Spring football notebook: Arnold, Clements to miss rest of spring

photo by: Carter Gaskins/Special to the Journal-World

Kansas offensive linemen Calvin Clements (75) and Darrell Simmons Jr. (55) during practice on Saturday, March 30, 2024, in Lawrence.

Offensive lineman Calvin Clements and wide receiver Lawrence Arnold will miss the rest of spring practice due to injury, head coach Lance Leipold said.

After the conclusion of Tuesday’s practice, Leipold described his team’s overall health as “fair at best.”

“I’d probably like it to be a little healthier,” he said. “… We’ll get there. And when some are out it creates opportunity for others.”

Clements, a redshirt freshman, has been competing for playing time on the line after the graduation of Dominick Puni. He started in the Guaranteed Rate Bowl when Puni had opted out in advance of the NFL Draft. The 6-foot-7, 315-pound offensive tackle is a native of Lawrence and a graduate of Free State High School.

Arnold was KU’s leading receiver last year with 44 receptions for 782 yards and six touchdowns, three of which came in the Jayhawks’ Guaranteed Rate Bowl victory against UNLV. Among other memorable moments, he snagged the fourth-down pass to help KU earn its upset win over Oklahoma, and the drive-opening touchdown from Jason Bean to secure a road victory against Iowa State.

Clements’ unavailability puts the Jayhawks in a tougher position at offensive tackle, where Bryce Cabeldue and Logan Brown — who could potentially end up being KU’s starters in the fall — have also been working their way back from injuries, practicing but not in full.

Defensive end Jereme Robinson is also unavailable for spring practice following surgery.

But the Jayhawks still have nearly five months before they open the season.

Kicking update

KU should be settled at punter with Damon Greaves, at long snapper with Luke Hosford and at kickoff specialist with Tabor Allen returning, but it lost starting placekicker Seth Keller to graduation.

With Keller gone, the Jayhawks did not add a kicker in the offseason, meaning they retain strong-legged Owen Piepergerdes (who is 1-for-2 on field goals and 15-for-15 on extra points in his career) and onetime Nebraska transfer Charlie Weinrich at the position.

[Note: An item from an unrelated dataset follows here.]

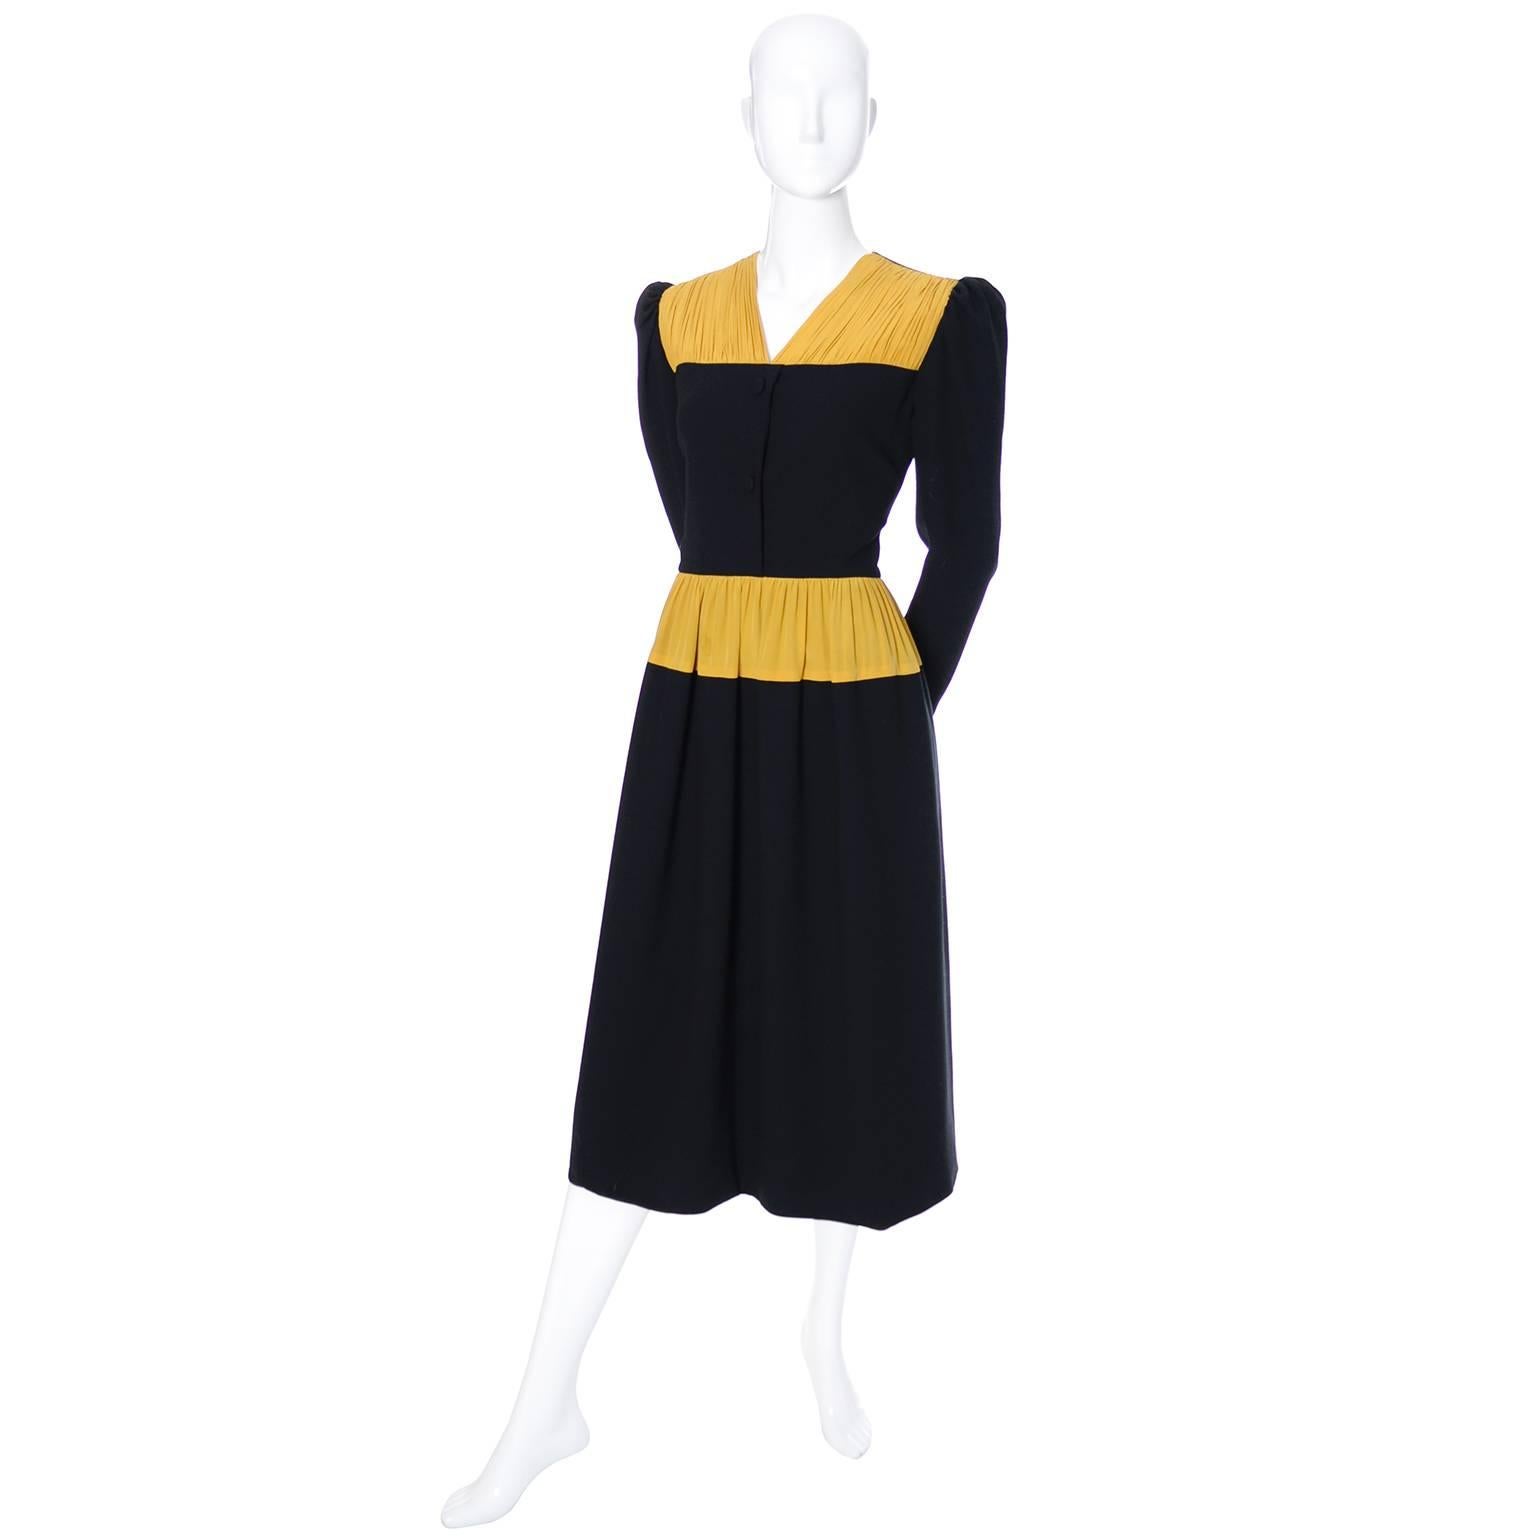 This is a really lovely vintage dress from Carolina Herrera in black wool crepe with gorgeous marigold yellow pleated silk at the neckline and the waist. This dress zips up the back center seam and has decorative buttons on the bodice. There are

“Owen kicked in a couple of games and Charlie didn’t kick in a game but he’s been doing a good job all spring, and this is where we compete, in the spring,” special teams coordinator Taiwo Onatolu said. “And then they’ll do a good job in the summer and then we’ll go through fall camp, and it’s competition.”

There are also new faces elsewhere in the realm of KU special teams. Several staffers who played a role in the unit departed in the offseason. Onatolu said that “it’s good to get new voices, what people do in different areas” and noted it was a solid showing overall last season on special teams.

“One thing about Coach Leipold, I’ve known him for 20-something years, a long, long time,” Onatolu said, “and he will not let you settle to be average, even if you had a great year, he’s always going to try to find ways to make us better, and that’s what we’ve done on special teams with the new additions.”

The “Fab Four”

KU wide receiver Luke Grimm was coy about revealing details when he first mentioned new coordinator Jeff Grimes’ “Fab Four” motto for the Jayhawks’ offense, but a couple of teammates were happy to disclose more information on Grimes’ core values.

“It’s four things: fast, physical, fearless and have fun,” running back Daniel Hishaw Jr. said, adding that Grimes solicited a lot of player input, particularly from team leaders. “It’s what we want to do going into the game, what’s our mindset for the game. And keep those four things in your mind, you should be able to play good.”

Fellow running back Devin Neal, who said that defining such attributes is important for building a team identity, said they’ve already been on display in the spring.

“I think we’ve played really fast, and I think we’re playing physical,” Neal said, “and the most important thing, I think everyone’s kind of having fun, and just enjoying being back out here. It felt like a short time but also felt like a long time being off the field.”

Leipold said that Grimes has combined bringing a sense of familiarity, in terms of some similarities with former offensive coordinator Andy Kotelnicki, with providing a new voice to the coaching staff and the players.

“He’s been able to articulate in a way that our players … they know what’s expected of them,” Leipold said.